Similar to the degree sequence, from the very beginning, synthetic random graph models from the ABCD Family are able to generate power-law sequences of community sizes with exponent β, minimum value s, and maximum one S. As for the degree sequence, more advanced users can inject any feasible sequence instead.

Pareto Principle for Community Sizes.

Pareto Principle for Community Sizes.


Assigning Degrees to Nodes

At this stage of the process, we have generated two independent sequences: a degree sequence (k_1, k_2, ..., k_n) and a sequence of community sizes (s_1, s_2, ..., s_l). As with the Configuration Model, we can visualize the n nodes as hubs equipped with k_i open stubs. Separately, we have a collection of n available elements partitioned into l distinct communities, where community j contains exactly s_j elements. Our objective is to establish a one-to-one matching between the n nodes and the n community elements.

Ultimately, nodes will connect primarily to neighbours within their own community, a desired internal fraction governed by a mixing parameter xi (which we will discuss shortly). Because of this homophily constraint, we must ensure that high-degree nodes are not assigned to communities too small to absorb their intended internal edges. To balance this structural requirement with the need for maximum randomness, we employ the following assignment strategy. We first sort the nodes in decreasing order of their degrees. Processing them one by one, starting with the highest degree, we evaluate all communities large enough to validly support the current node i (with degree k_i). We then match node i uniformly at random to an available, unmatched element within one of those valid communities.

Assigning Degrees to Nodes.

Assigning Degrees to Nodes.


Creating Graphs

We now introduce the mixing parameter ξ ∈ [0,1], which serves as the primary mechanism in the ABCD model for controlling the level of noise; a larger value of ξ yields a noisier, more random synthetic network with weaker communities. Our goal is to retain an average fraction of 1-ξ edges strictly within their respective communities. To achieve this, each node i independently partitions its k_i stubs into community stubs and background stubs. Because the expected number of background stubs, ξ k_i, is rarely an exact integer, we apply randomized rounding to determine the precise integer count while strictly preserving the expected value. Finally, a parity check ensures that the total number of community stubs within any single community is even, a strict prerequisite for valid edge formation.
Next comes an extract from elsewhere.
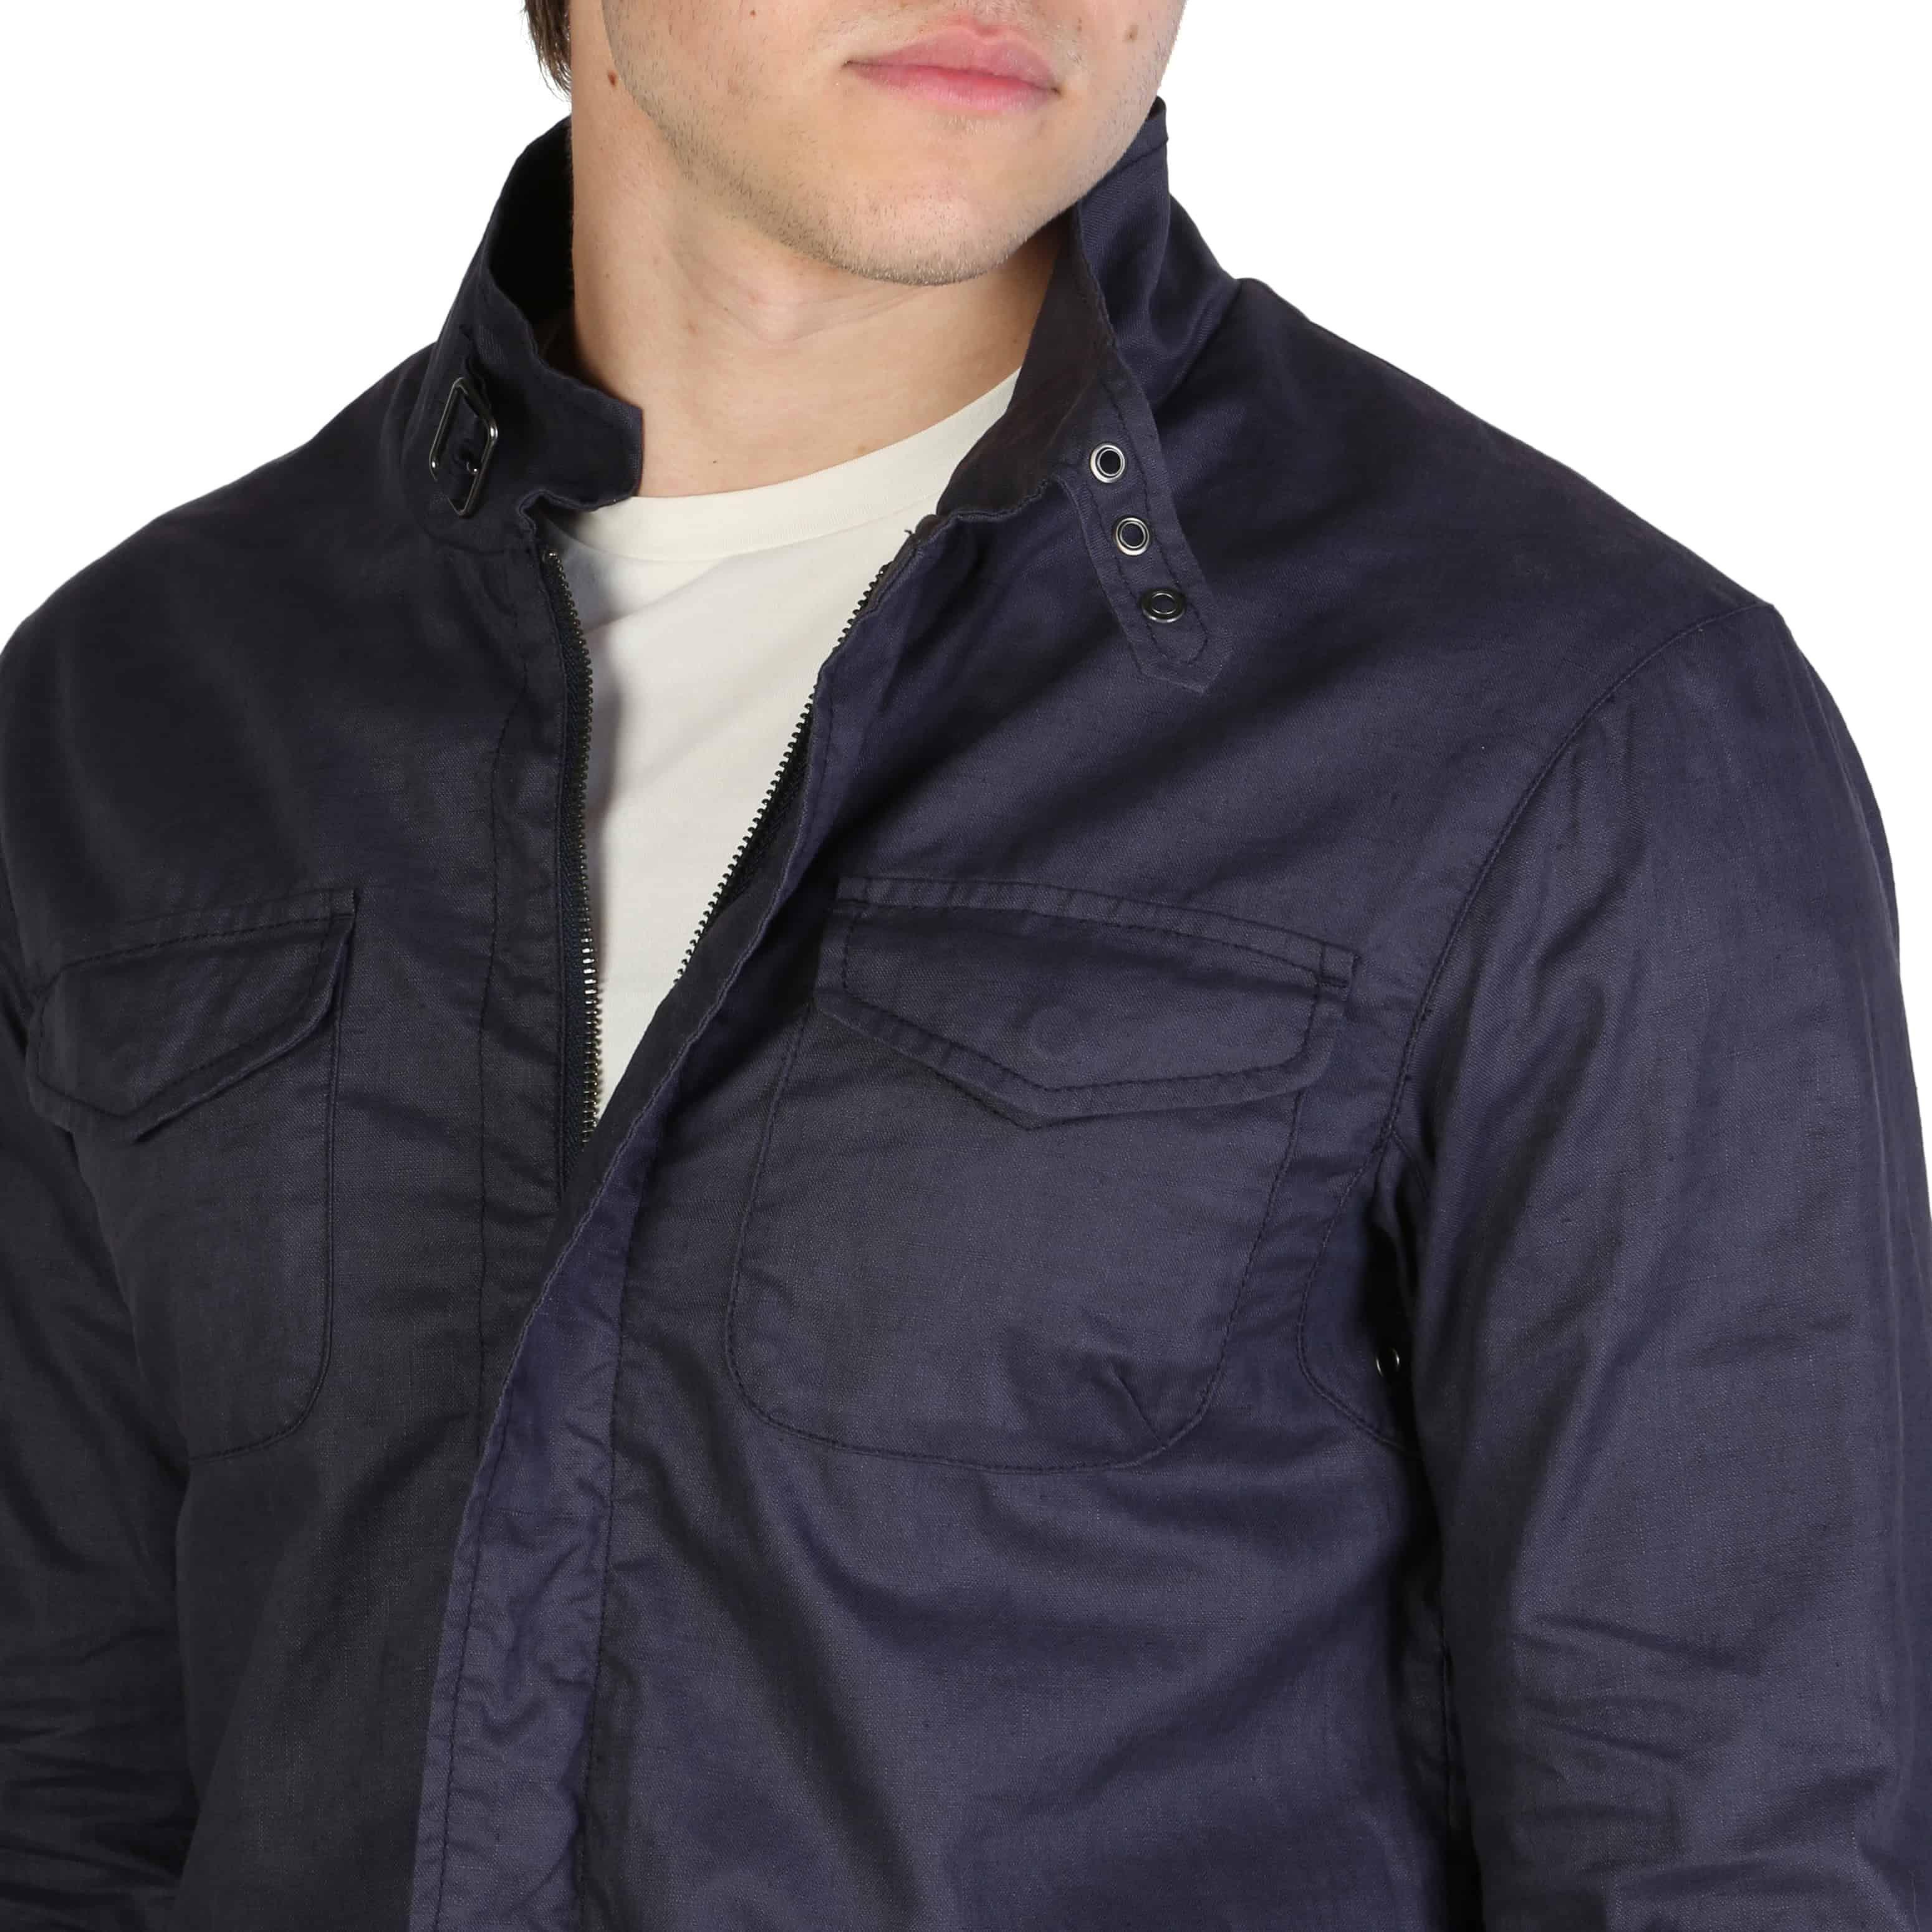 Vestes Armani Jeans – C6K68_ES

Once the stubs are successfully partitioned, the graph generation proceeds in two stages. First, for each community j, we take its s_j constituent nodes along with their designated community stubs and apply the Configuration Model to generate an internal community graph, G_j. Independently, all background stubs from across the entire network are pooled together and wired using the Configuration Model to form a global background graph, G_0. The final synthetic network is then constructed by superimposing all the community graphs (G_j, j ∈ {1, 2, ..., ℓ}) onto the background graph (G_0). This union produces a comprehensive network possessing both the pre-specified community structure and the exact desired level of noise.

Creating Graphs.

Creating Graphs.


Final Touch — Rewiring

Because the classic Configuration Model wires stubs together entirely at random, without looking at which nodes they belong to, it is "blind" to the graph's emerging topology. As we already mentioned above, this purely random matching inevitably leads to two types of anomalies that violate the rules of simple graphs: self-loops and multi-edges. A standard way to deal with this problem is to fix the loops and multi-edges by "rewiring" them with other edges. For example, if you have an unwanted self-loop uu and a normal edge xy, you break them both and rewire them to form ux and uy (provided this does not create new anomalies). This highly efficient solution preserves the exact degree sequence and is often the preferred method in complex network generation models.

In the context of the ABCD model, the predefined community structure introduces a critical constraint: a naive rewiring process could create more background edges and so more noisy network. To preserve the correct fraction of background edges, we employ a phased rewiring strategy. First, we resolve all self-loops and multi-edges, exclusively within each community graph G_j. This step guarantees that internal edges remain strictly localized within their respective communities.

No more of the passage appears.